Die biotechnologische Industrie verwendet Restriktionsenzyme, um DNA zu kartieren sowie sie für den Einsatz in der Gentechnik zu schneiden und zu spleißen. In Bakterien gefunden, erkennt ein Restriktionsenzym eine bestimmte DNA-Sequenz, bindet sich daran und durchtrennt dann das Rückgrat der Doppelhelix. Die ungleichmäßigen oder „klebrigen“ Enden, die aus dem Schnitt resultieren, werden durch das Ligase-Enzym wieder zusammengefügt, berichtet das Dolan DNA Learning Center. Restriktionsenzyme haben zu bedeutenden Fortschritten in der Biotechnologie geführt.
Frühe Geschichte
Laut Access Excellence haben die Wissenschaftler Werner Arbor und Stewart Linn zwei Enzyme identifiziert, die das Wachstum von Viren in E. coli-Bakterien in den 1960er Jahren. Sie entdeckten, dass eines der Enzyme, das als „Restriktionsnuklease“ bezeichnet wird, die DNA an verschiedenen Stellen entlang des DNA-Strangs schneidet. Dieses Enzym hat das Molekül jedoch an zufälligen Stellen durchtrennt. Biotechnologen brauchten ein Werkzeug, das DNA an bestimmten Stellen konsistent schneiden konnte.
Bahnbrechende Entdeckung
1968 wurde H. O. Smith, K. W. Wilcox und T. J. Kelley isolierte das erste Restriktionsenzym HindII, das wiederholt DNA-Moleküle an einer bestimmten Stelle – dem Zentrum der Sequenz – bei Johns Hopkins Universität. Laut Access Excellence wurden seither mehr als 900 Restriktionsenzyme unter 230 Bakterienstämmen identifiziert.
DNA-Mapping
DNA-Genome können laut der Medicine Encyclopedia durch den Einsatz von Restriktionsenzymen kartiert werden. Durch die Bestimmung der Reihenfolge der Restriktionsenzympunkte im Genom – also der Stellen, an denen sich das Enzym anheftet – können Wissenschaftler die DNA analysieren. Diese als Restriktionsfragmentlängenpolymorphismus bekannte Technik kann bei der DNA-Typisierung hilfreich sein, insbesondere wenn die Identität eines DNA-Fragments von einem Tatort überprüft werden muss.
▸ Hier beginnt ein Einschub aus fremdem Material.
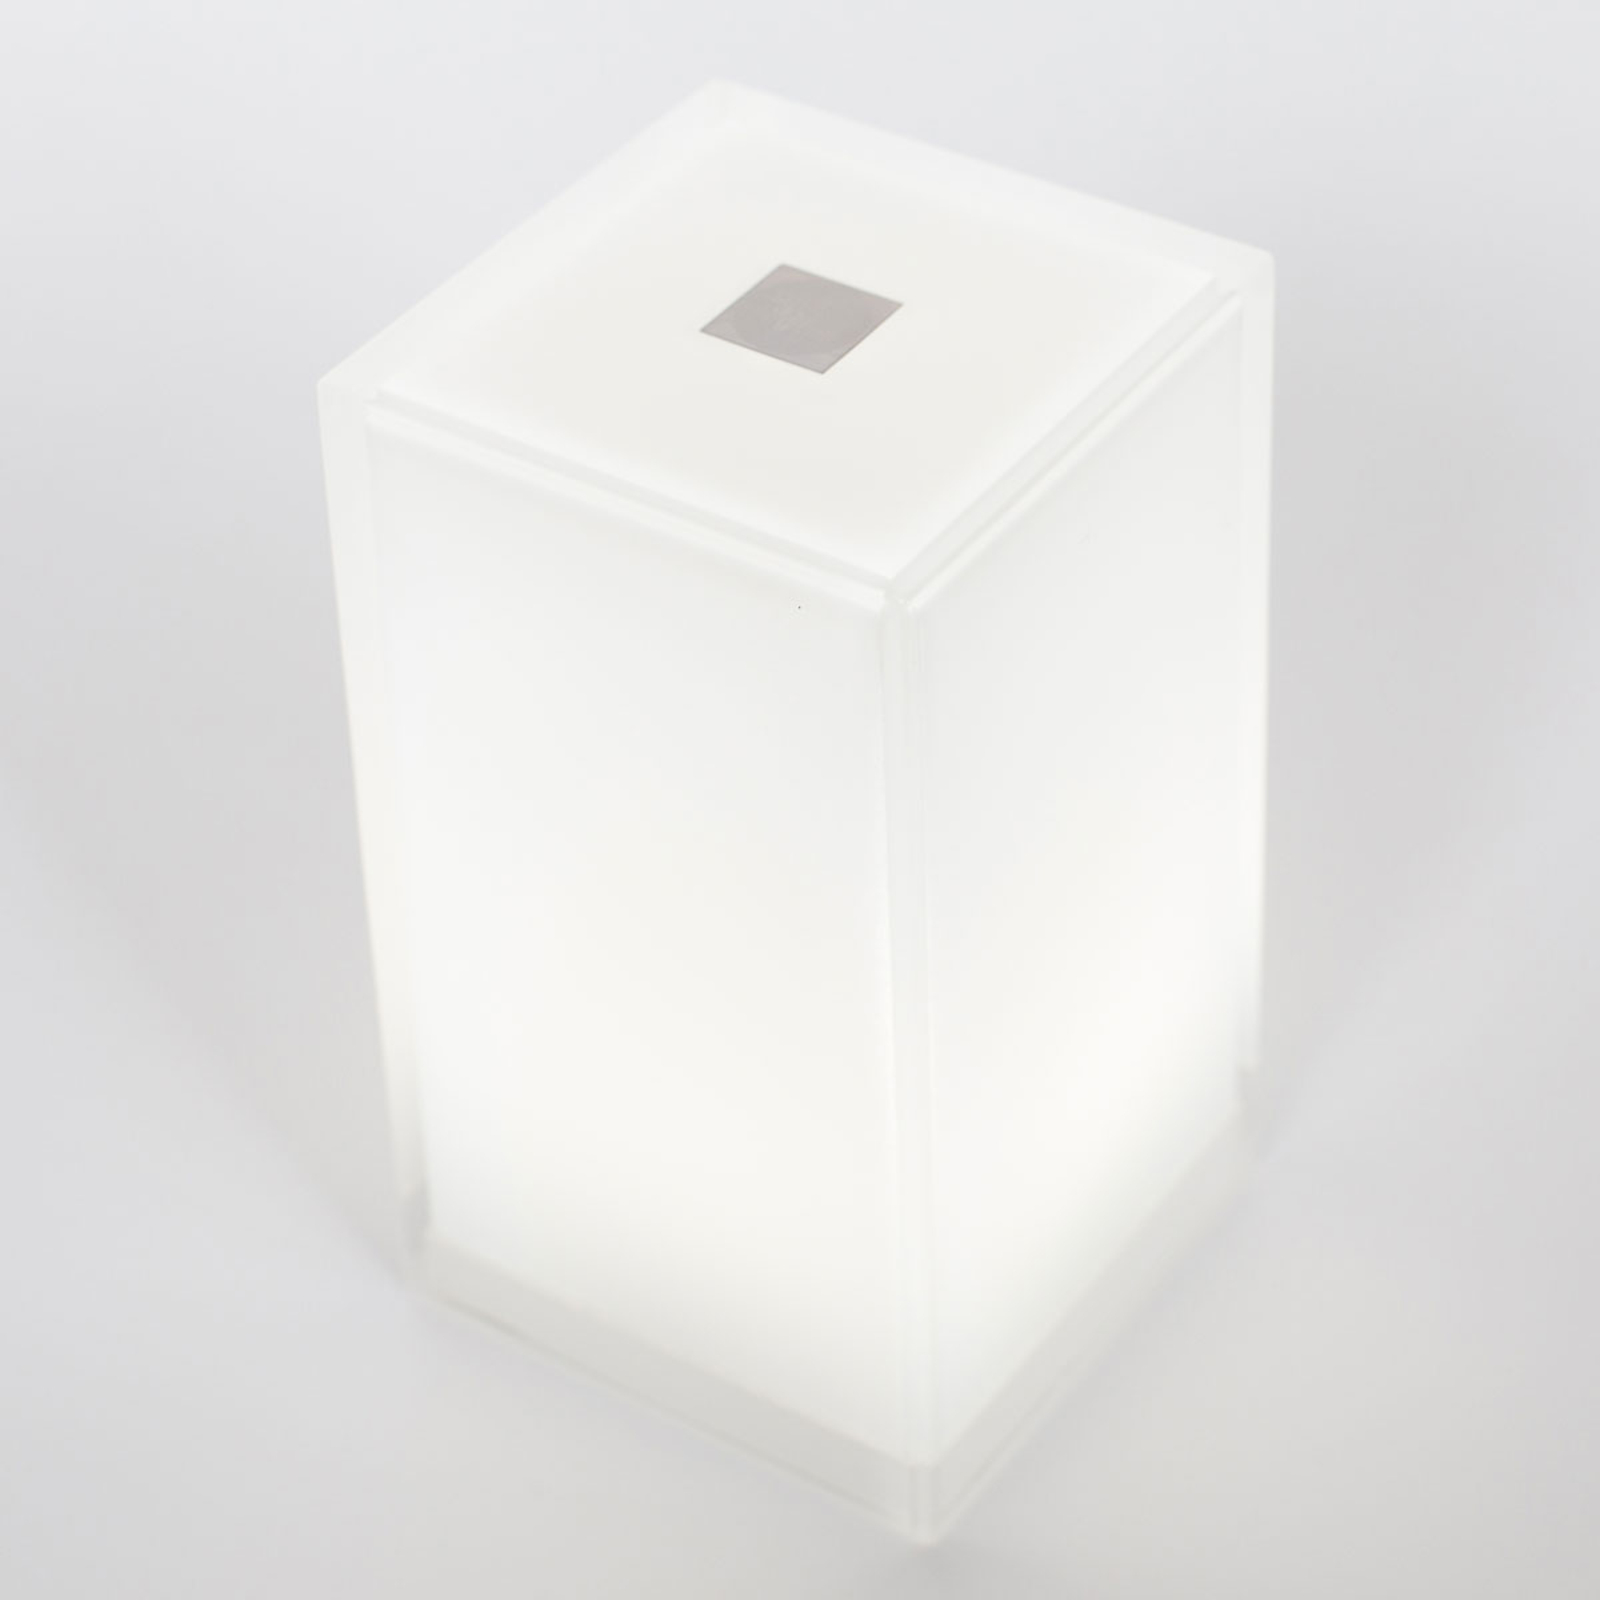 Cub-pöytävalaisin 6 kpl:n pakkauksessa, sovelluksella ohjattavissa, RGBW

Generierung rekombinanter DNA
Die Verwendung von Restriktionsenzymen ist entscheidend bei der Erzeugung rekombinanter DNA, die das Zusammenfügen von DNA-Fragmenten aus zwei nicht verwandten Organismen ist. In den meisten Fällen wird ein Plasmid (bakterielle DNA) mit einem Gen eines zweiten Organismus kombiniert. Während des Prozesses verdauen oder schneiden Restriktionsenzyme die DNA sowohl der Bakterien als auch des anderen Organismus, was zu DNA-Fragmenten mit kompatiblen Enden führt, berichtet die Medicine Encyclopedia. Diese Enden werden dann durch die Verwendung eines anderen Enzyms oder einer Ligase zusammengeklebt.
Arten von Restriktionsenzymen
Nach Angaben der University of Strathclyde in Glasgow gibt es drei Haupttypen von Restriktionsenzymen. Typ I unterscheidet eine bestimmte Sequenz entlang des DNA-Moleküls, durchtrennt aber nur einen Strang der Doppelhelix. Außerdem emittiert es an der Schnittstelle Nukleotide. Ein weiteres Enzym muss folgen, um den zweiten DNA-Strang zu schneiden. Typ II erkennt eine bestimmte Sequenz und schneidet beide DNA-Stränge nahe oder innerhalb der Zielstelle. Typ III schneidet die beiden DNA-Stränge in einem vorbestimmten Abstand von der Erkennungsstelle.